On the way to Rivendell:
*The hobbits start to set up a camp*
ARAGORN: Gentlemen, we do not stop till nightfall.
PIPPIN: What about breakfast?
ARAGORN: You already had it.
PIPPIN: We had one, yes. But what about SECOND breakfast?
MERRY: I don't think he knows about second breakfast, Pip.
PIPPIN: What about elevensies? Lunch? Afternoon tea? Dinner? Supper? He knows about them, right?
MERRY: I wouldn't count on that... *tap tap*
At the Prancing Pony:
PIPPIN: What's that?
MERRY: This, my friend, is a pint.
PIPPIN: It comes in pints?? I'm getting one.

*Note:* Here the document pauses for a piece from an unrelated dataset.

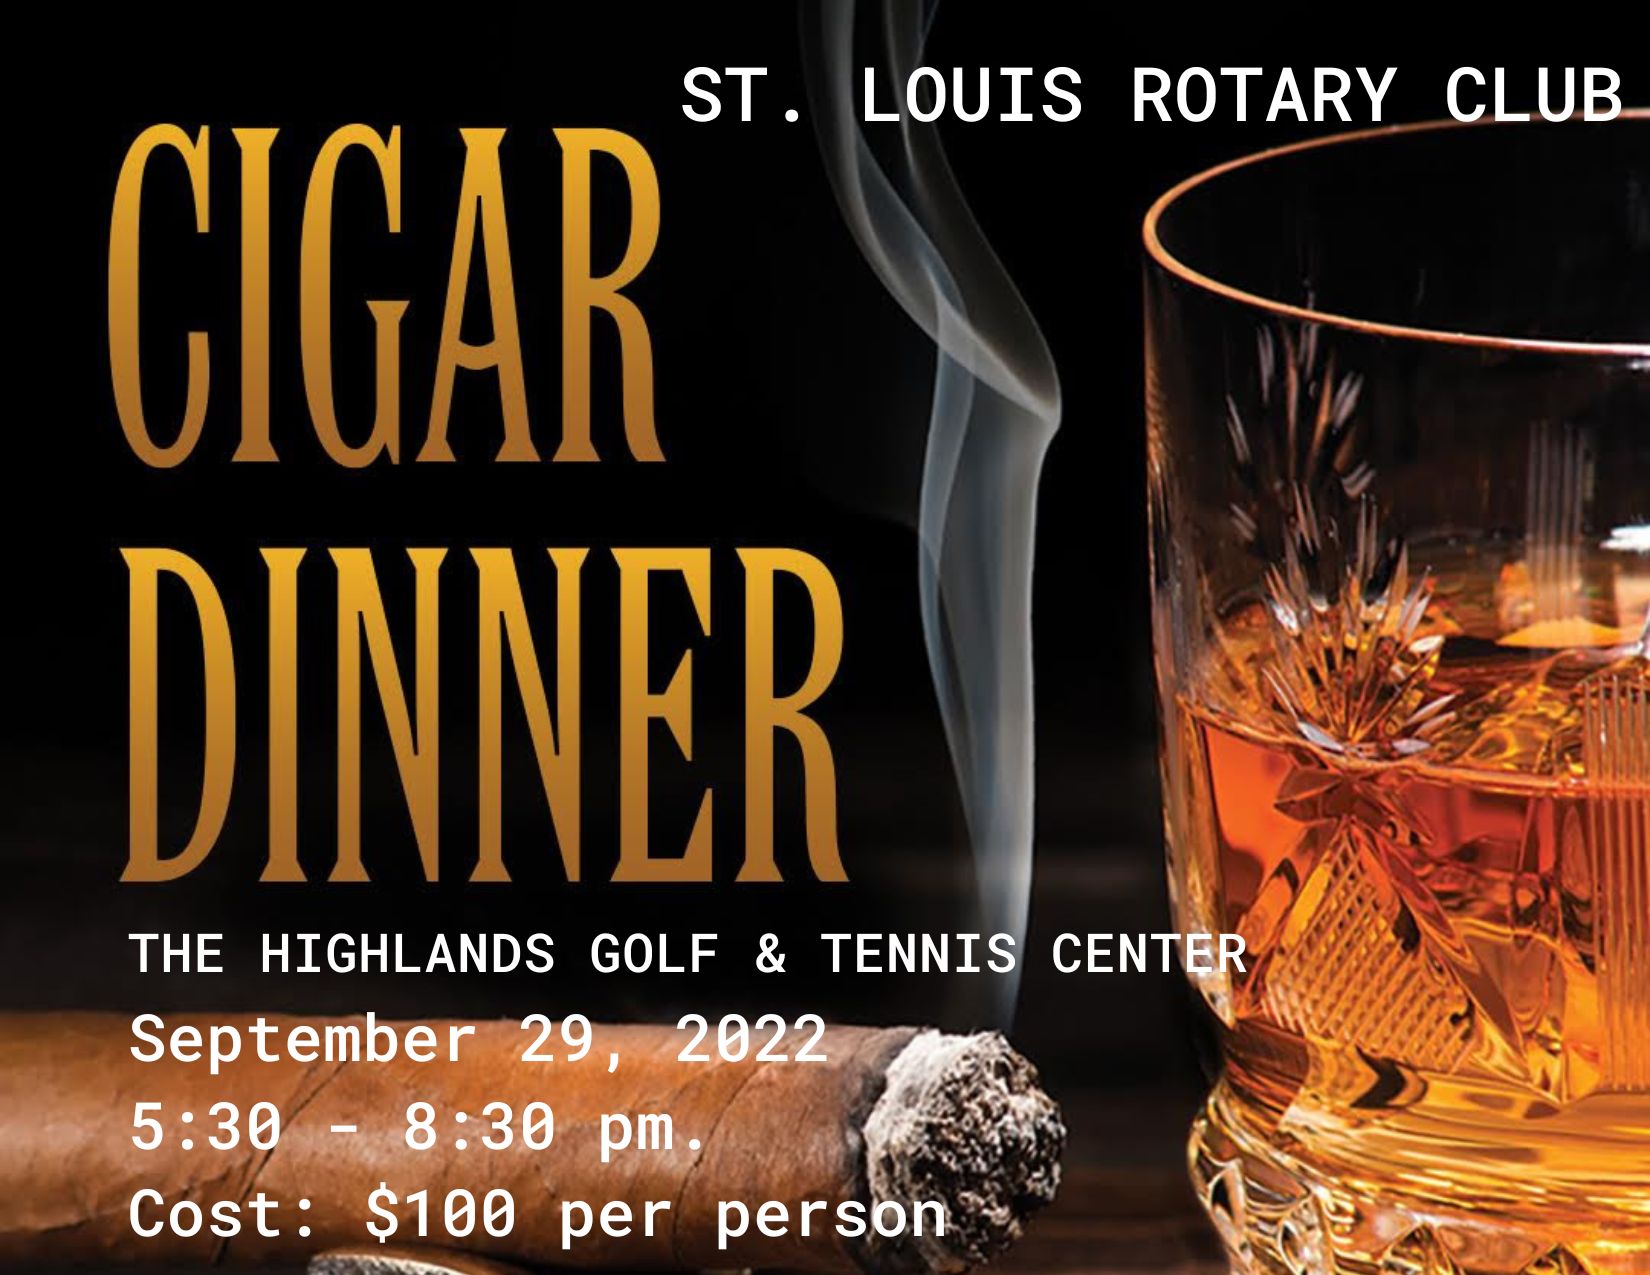 Cigar Dinner Fundraiser 9-29-22 5:30pm-8:30pm

SAM: But you have a whole half already!
In the Council of Elrond:
*The Fellowship's been made and Merry & Pippin think they're been left behind*
MERRY: Hoy, we're coming too! You'll have to send us home tied up in a sack to stop us.
PIPPIN: Anyway, you need people of intelligence on this sort of... mission. Quest. Thing.
MERRY: Well, that rules you out, Pip.
At Bilbo's birthday party:
*Pippin looks for a firework from Gandalf's stash, finds one he thinks is fine and shows it to Merry*
MERRY: No, no, no. The BIG one, the BIG one!
In farmer Maggot's fields:
*The hobbits are running for their lives*
MERRY: I don't know why's he so upset. It's only a couple of carrots.
PIPPIN: And some cabbages. And, and those three bags of potatos that had been left last week. And then the mushrooms, the week before.
MERRY: Yes, Pippin. My point is: he's clearly overreacting.